INSTRUCTIONS TO FOLLOW
A word-for-word copy of the data, with no images, is the required answer.

RAW DATA
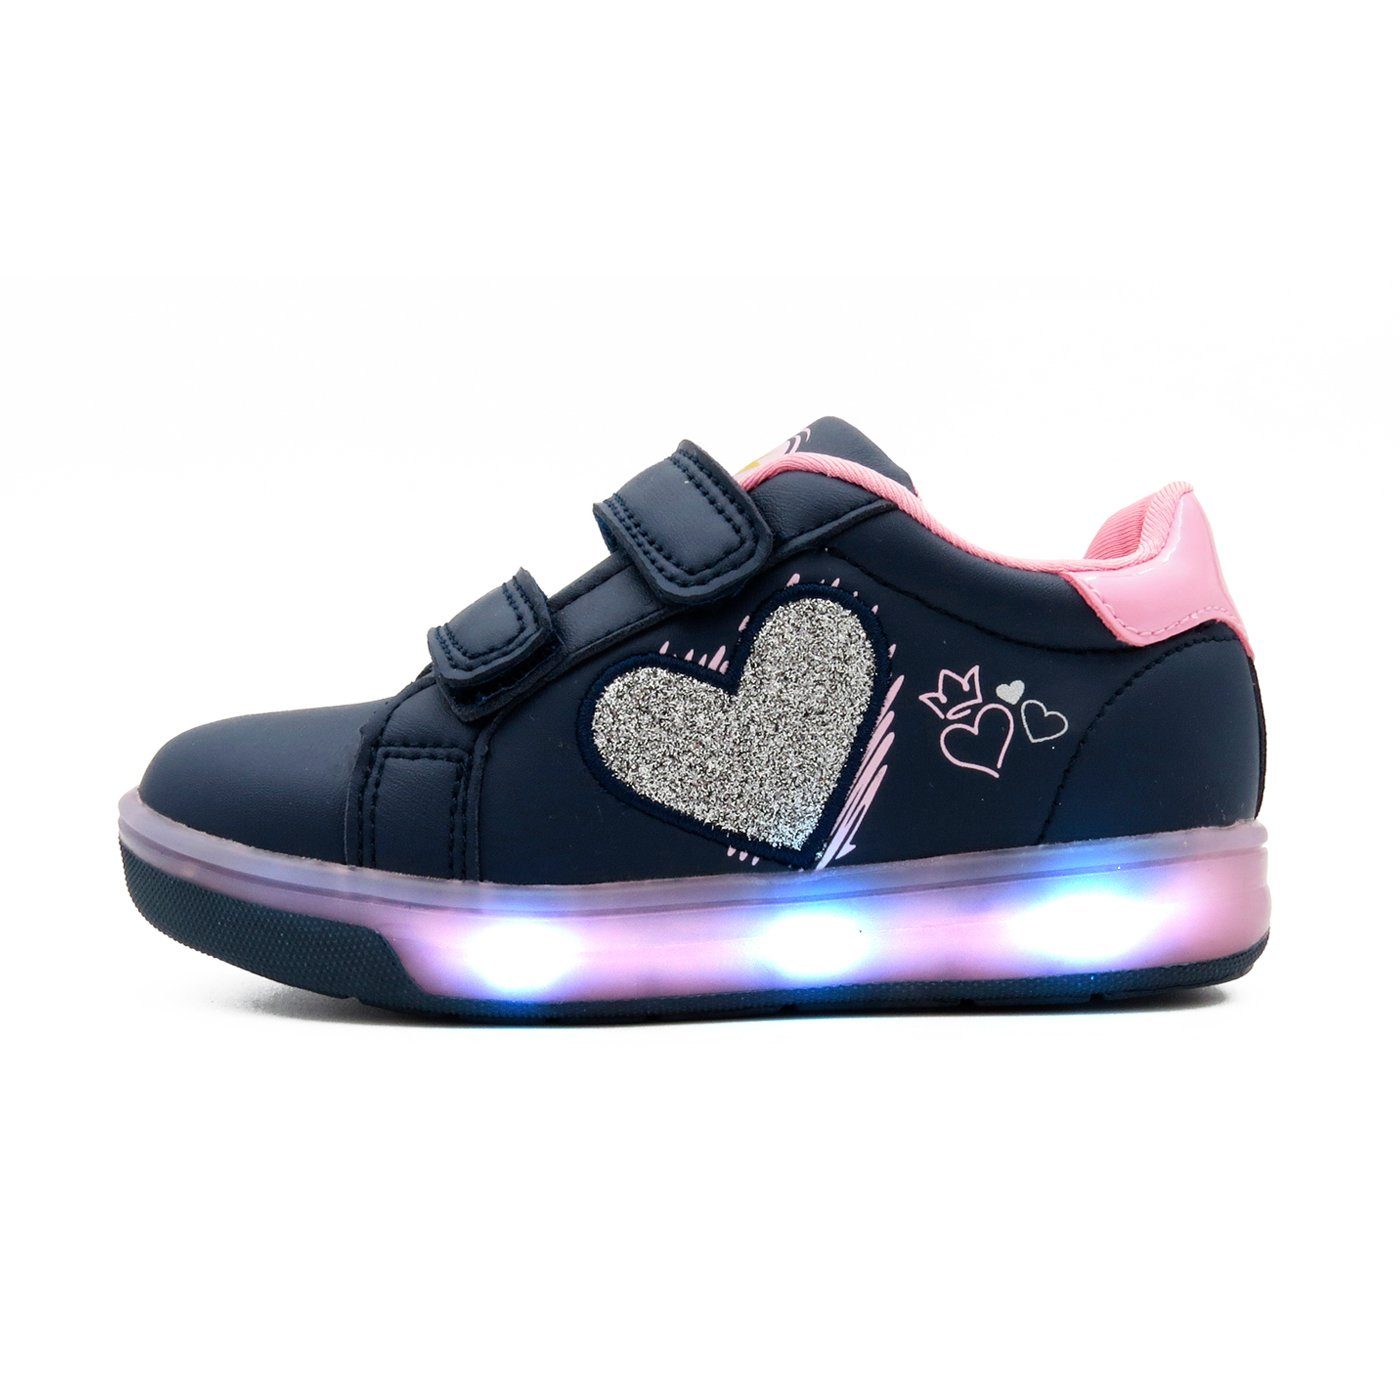 Atumgsaktiv Breezy Schuhe Klettverschluss mit 2196111 LED LIGHT BREEZY Material, Leuchtsohle, atmungsaktive Sneaker Sneaker Leuchtsohle LED
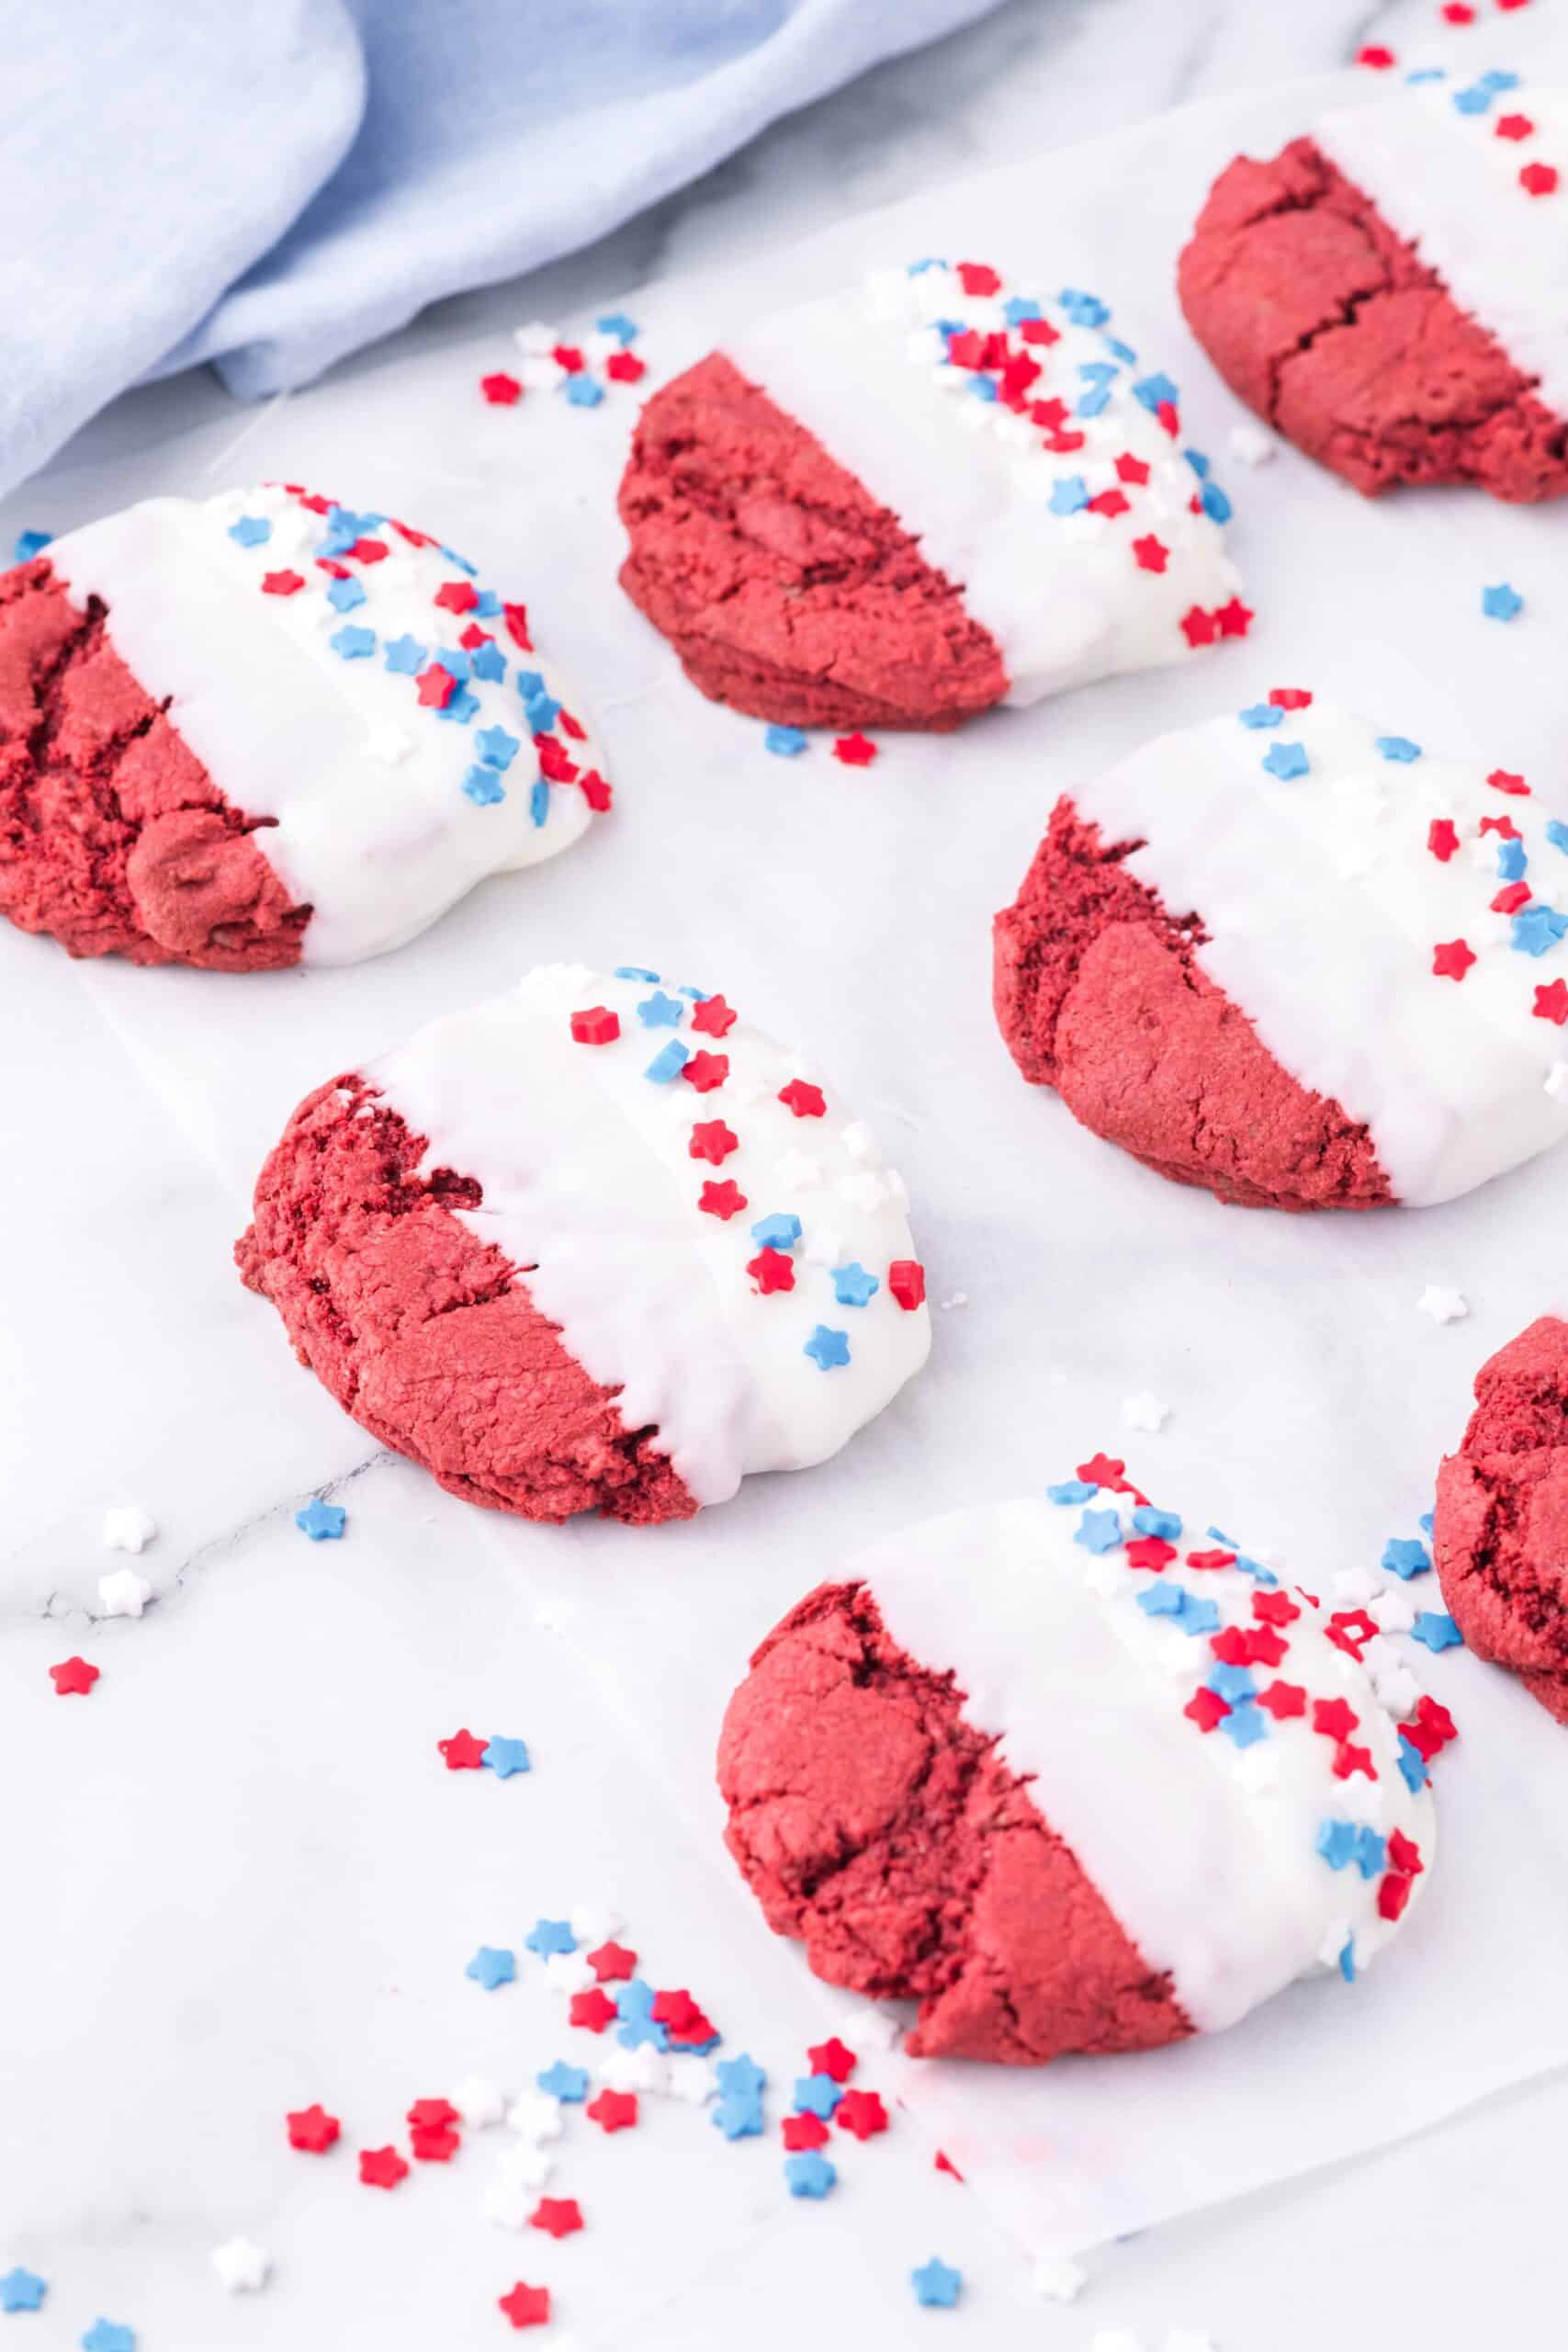 patriotic red velvet cookies (4th July cookies)
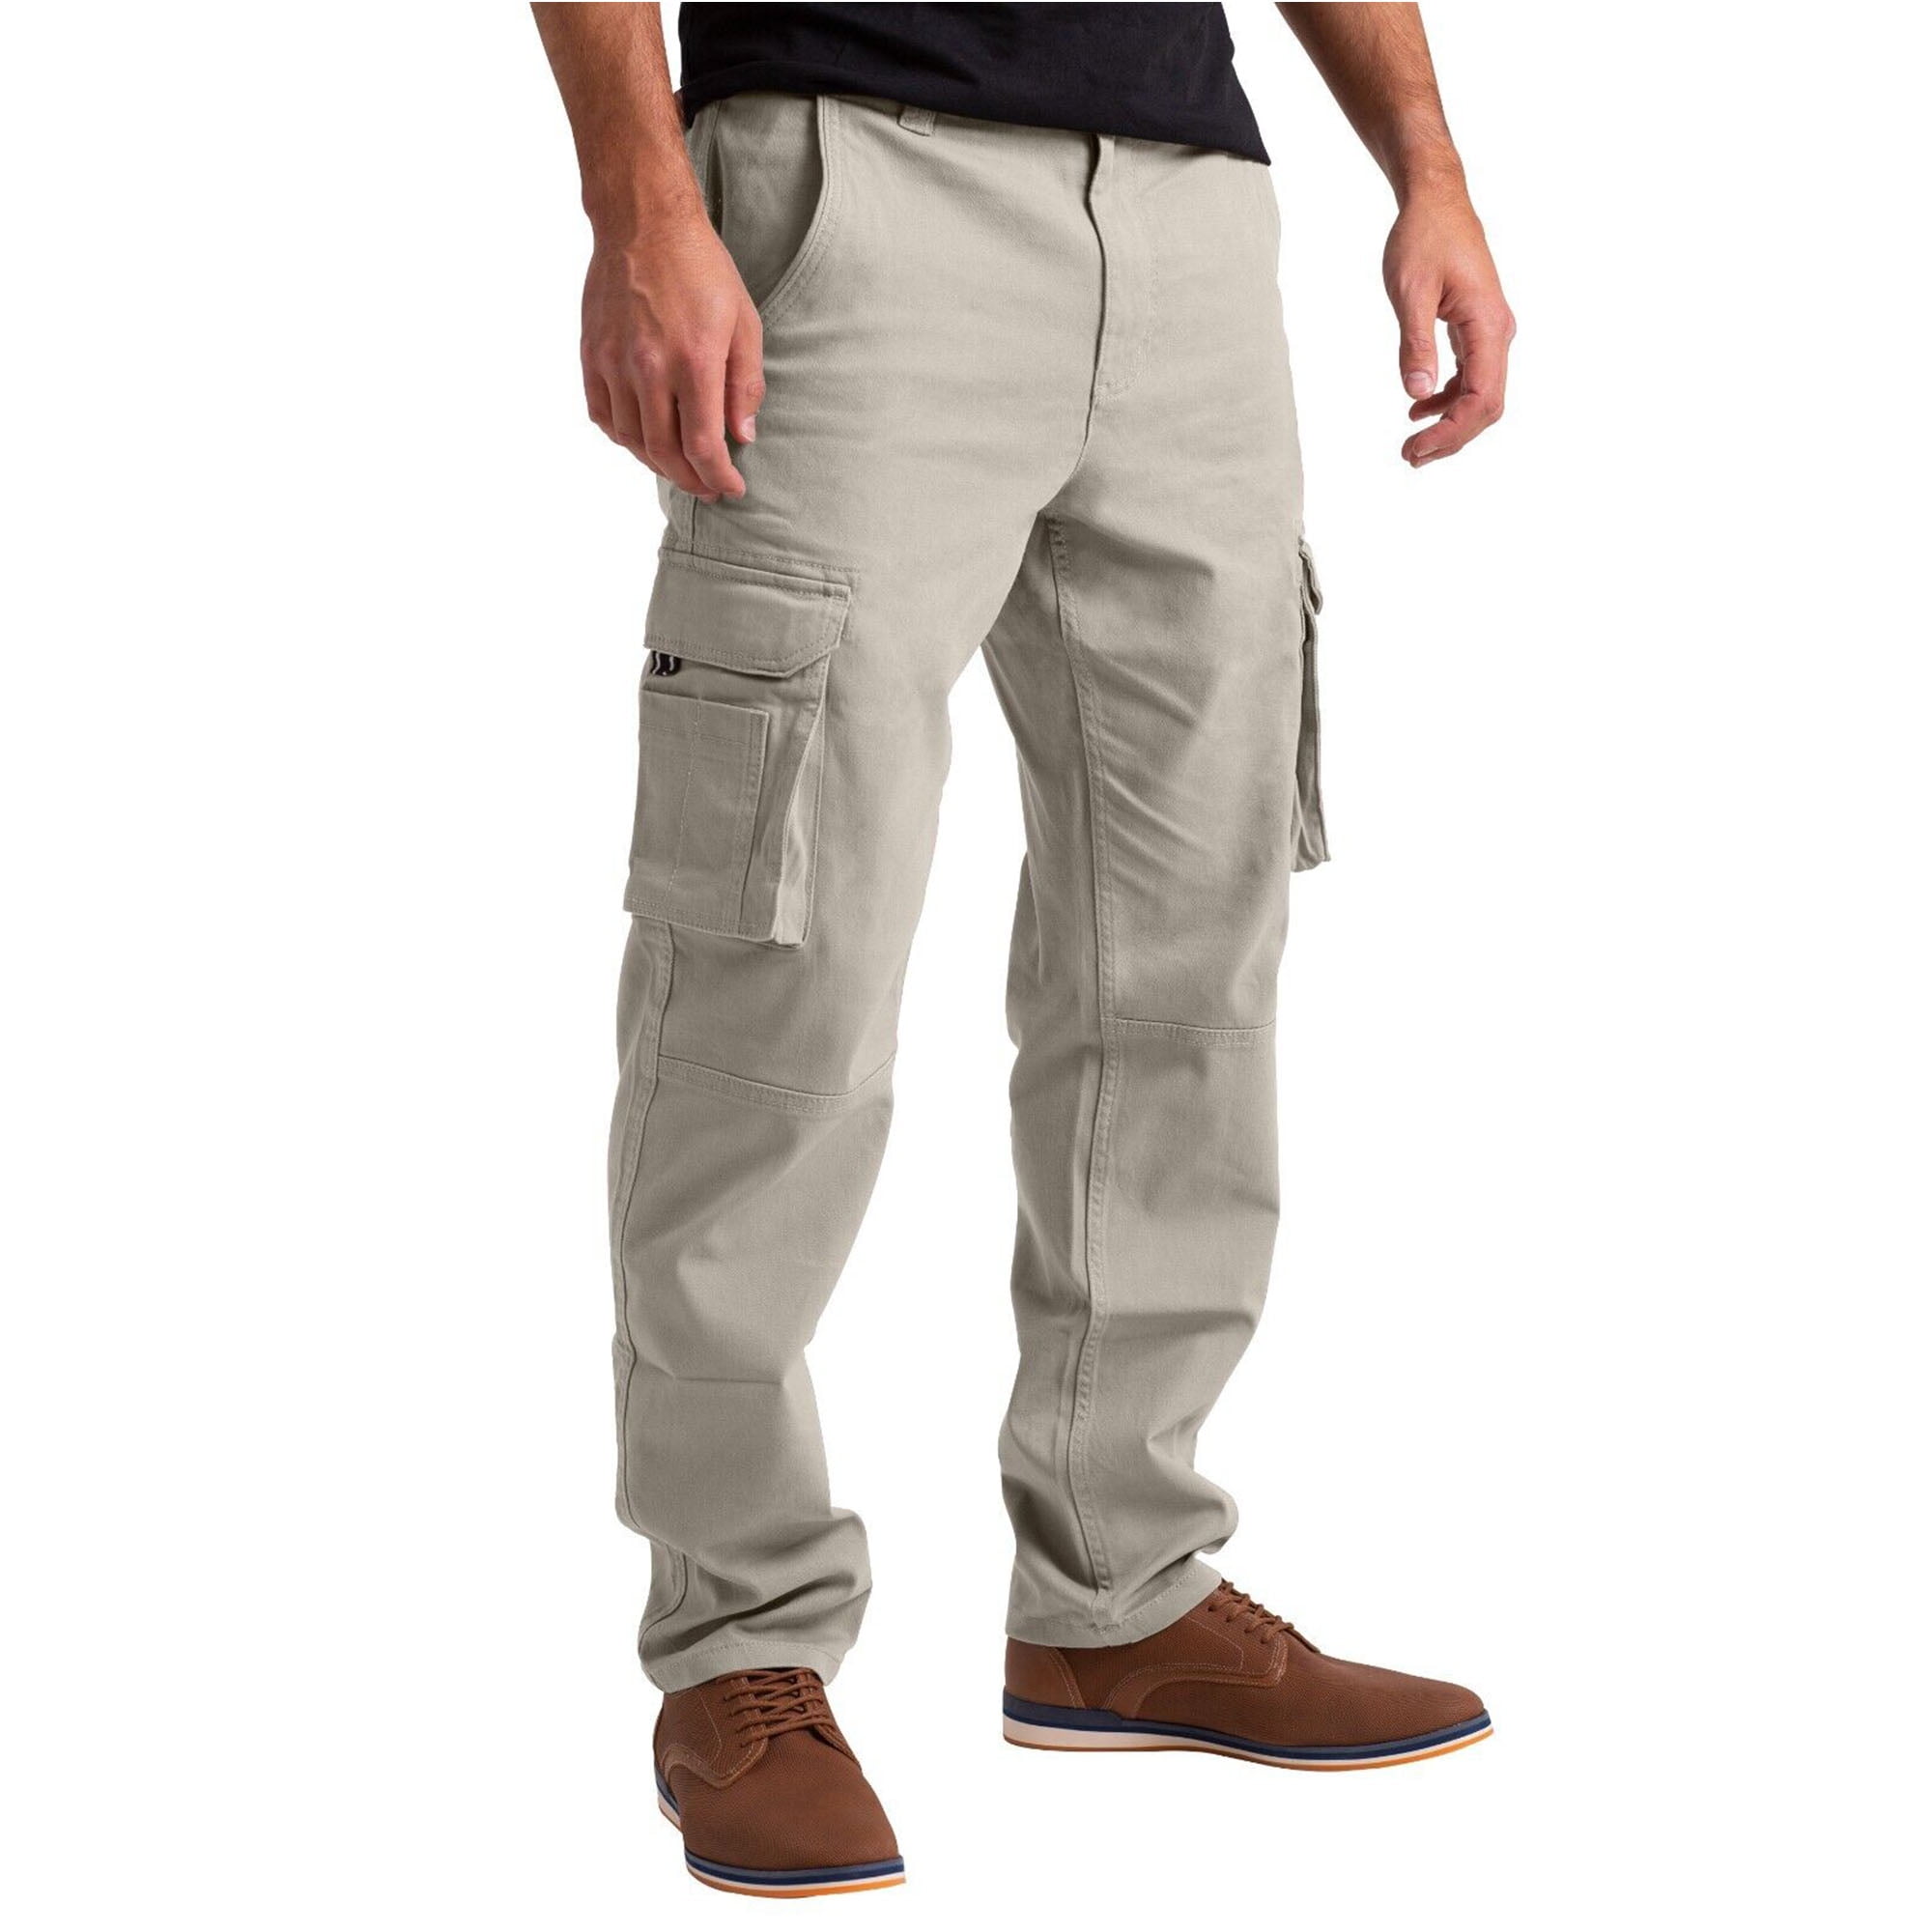 Safety Work Short Pants Heavy Duty Cargo Trousers  China Cargo Trousers  and Heavy Duty Trousers price  MadeinChinacom

EXERCISE OUTPUT
 Atumgsaktiv Breezy Schuhe Klettverschluss mit 2196111 LED LIGHT BREEZY Material, Leuchtsohle, atmungsaktive Sneaker Sneaker Leuchtsohle LED
 patriotic red velvet cookies (4th July cookies)
 Safety Work Short Pants Heavy Duty Cargo Trousers  China Cargo Trousers  and Heavy Duty Trousers price  MadeinChinacom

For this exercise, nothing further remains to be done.